# WHAT THE TASK REQUIRES:
A verbatim copy of the listing is what is needed, minus any pictures.

# INFORMATION SHOWN:
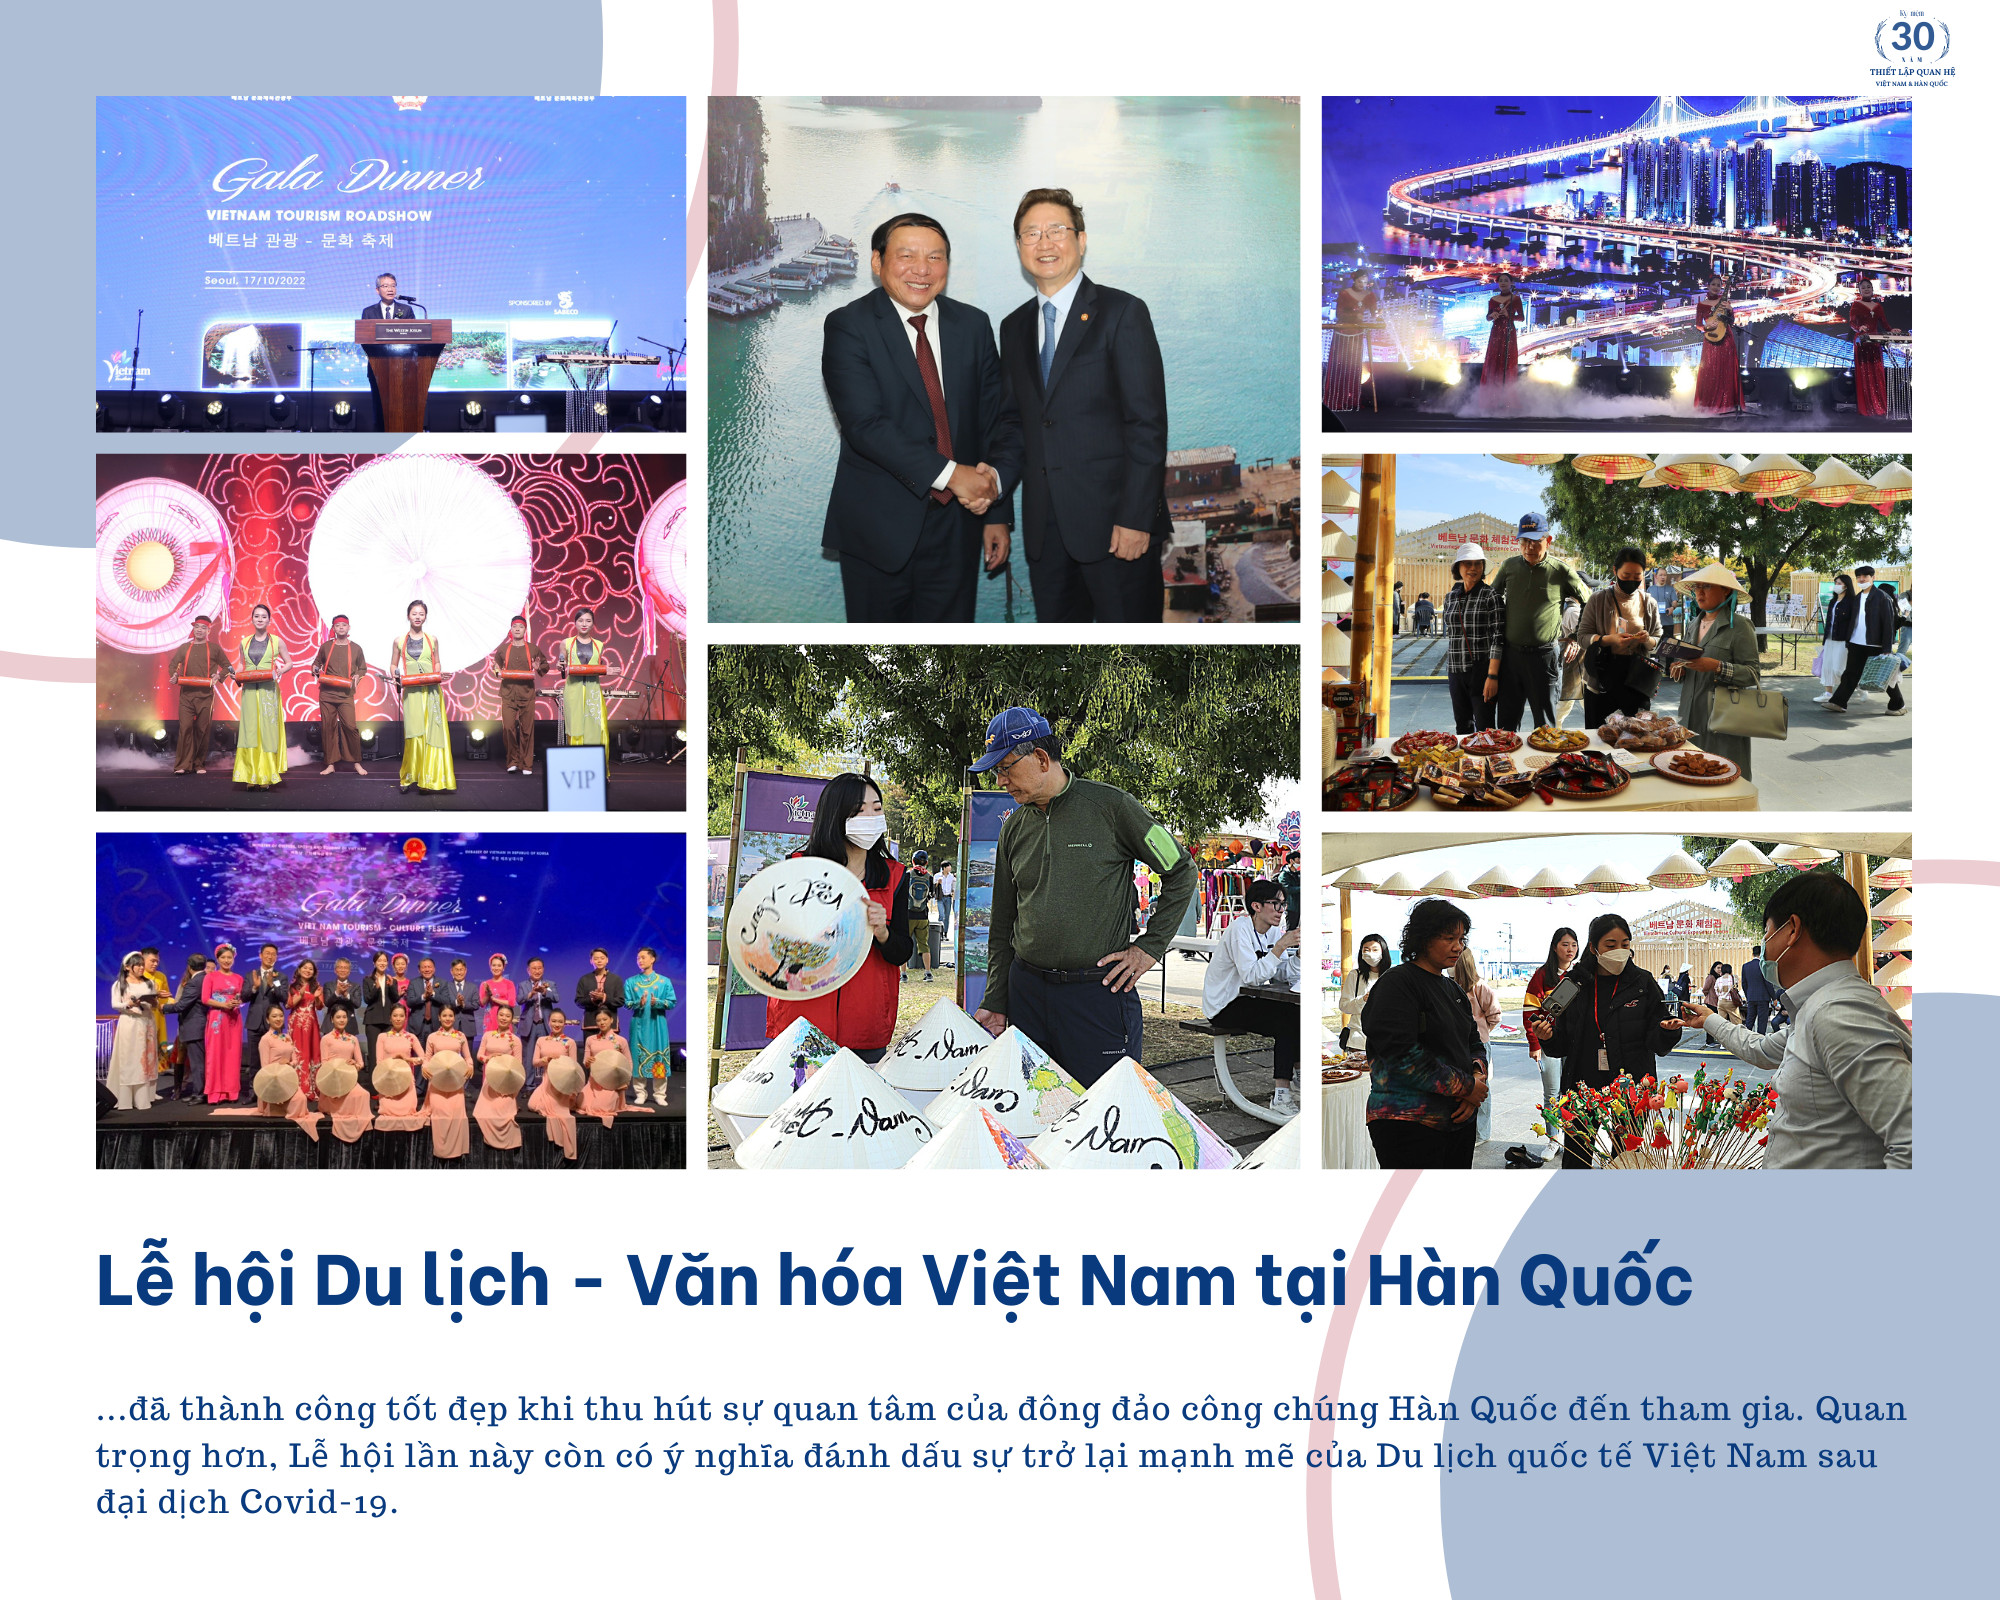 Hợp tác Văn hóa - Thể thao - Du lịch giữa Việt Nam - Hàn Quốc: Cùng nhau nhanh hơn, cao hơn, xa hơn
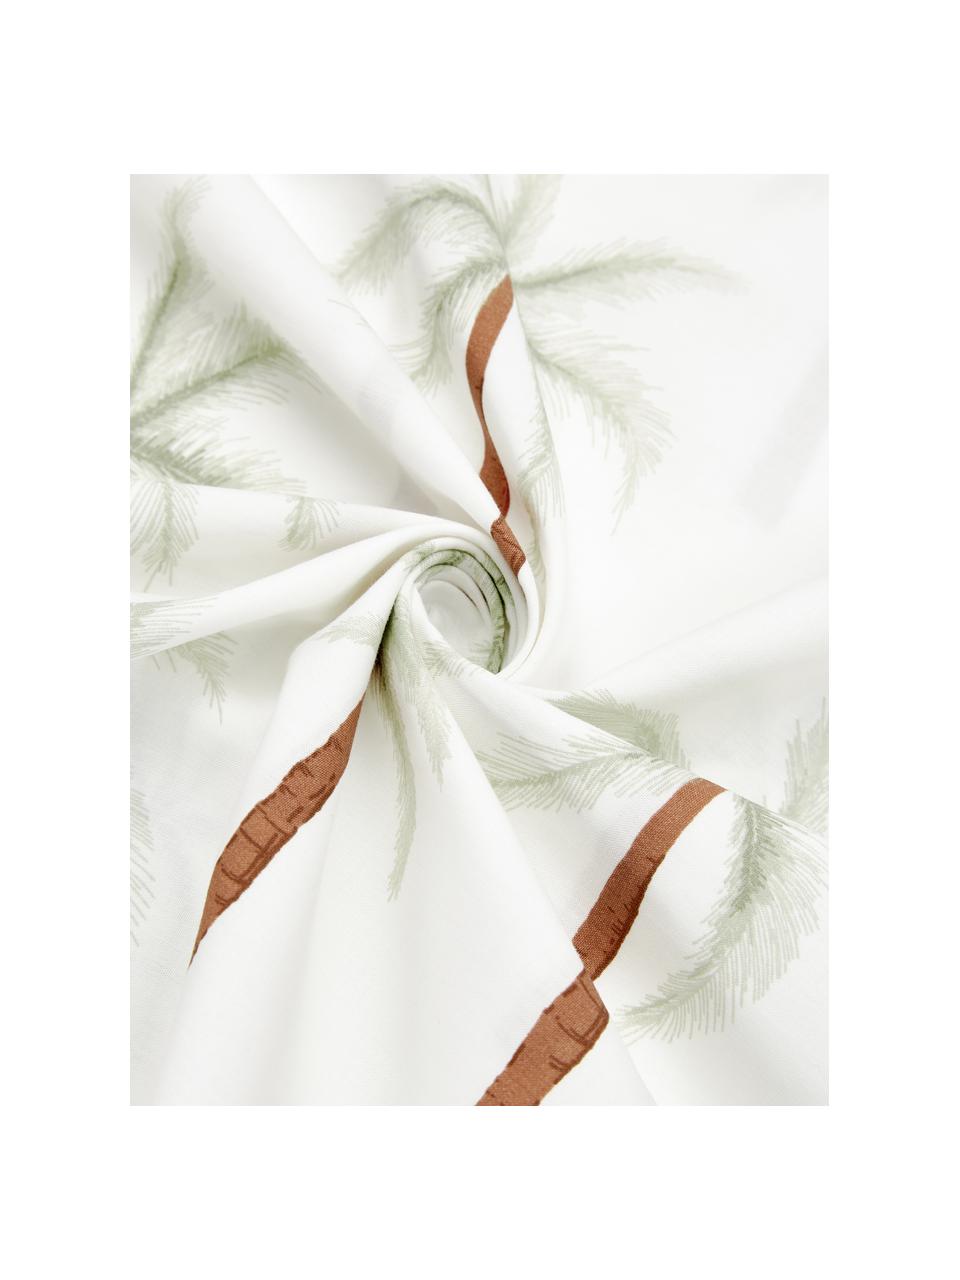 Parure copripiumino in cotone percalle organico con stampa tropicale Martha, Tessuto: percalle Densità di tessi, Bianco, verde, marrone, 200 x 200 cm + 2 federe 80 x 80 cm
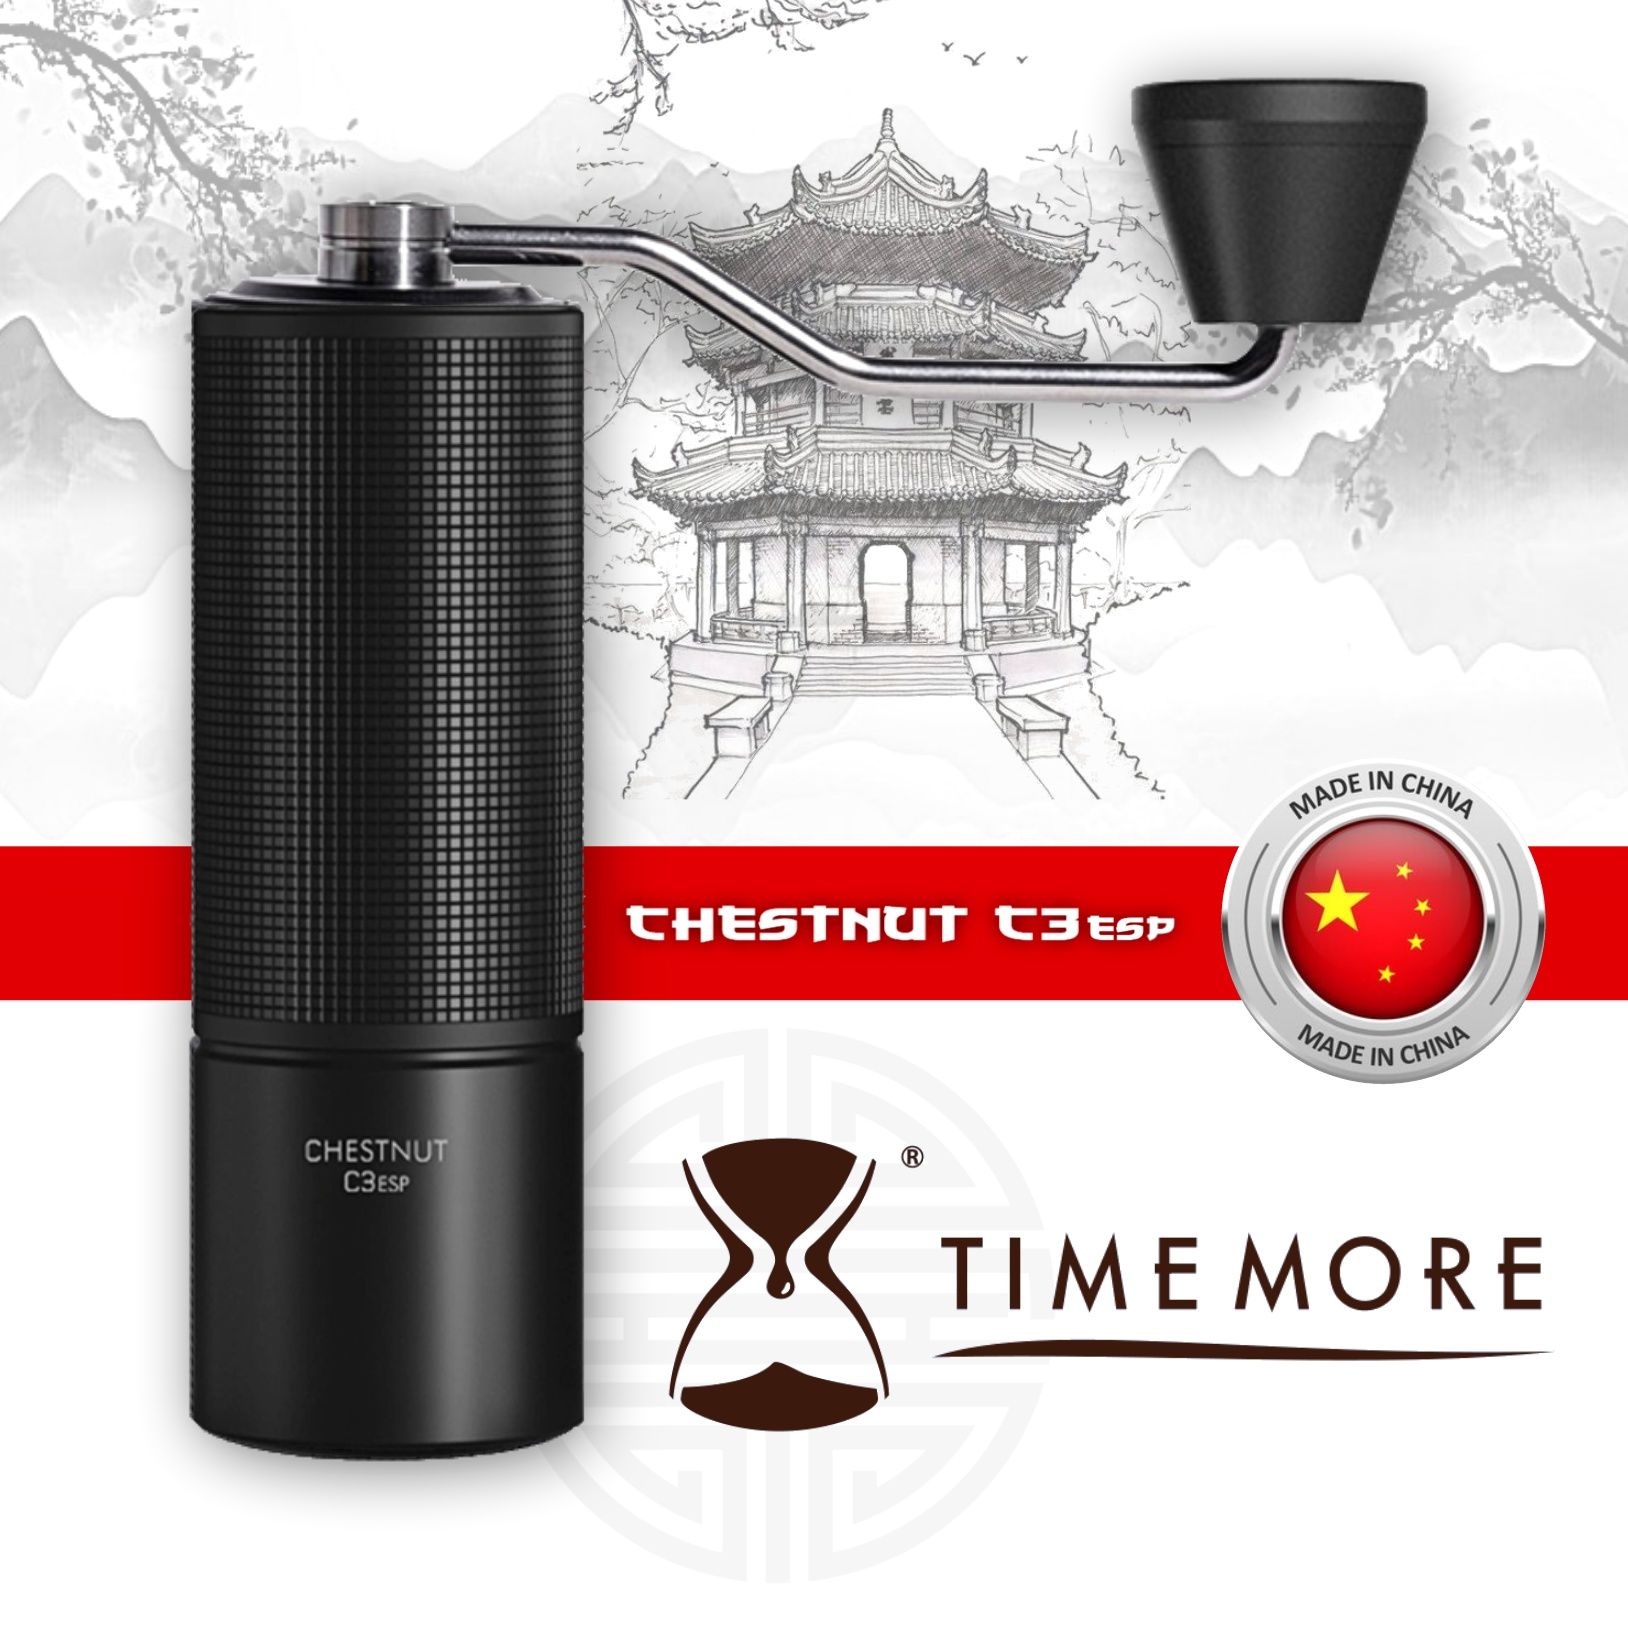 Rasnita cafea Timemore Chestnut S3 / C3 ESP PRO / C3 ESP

# REPLY:
 Hợp tác Văn hóa - Thể thao - Du lịch giữa Việt Nam - Hàn Quốc: Cùng nhau nhanh hơn, cao hơn, xa hơn
 Parure copripiumino in cotone percalle organico con stampa tropicale Martha, Tessuto: percalle Densità di tessi, Bianco, verde, marrone, 200 x 200 cm + 2 federe 80 x 80 cm
 Rasnita cafea Timemore Chestnut S3 / C3 ESP PRO / C3 ESP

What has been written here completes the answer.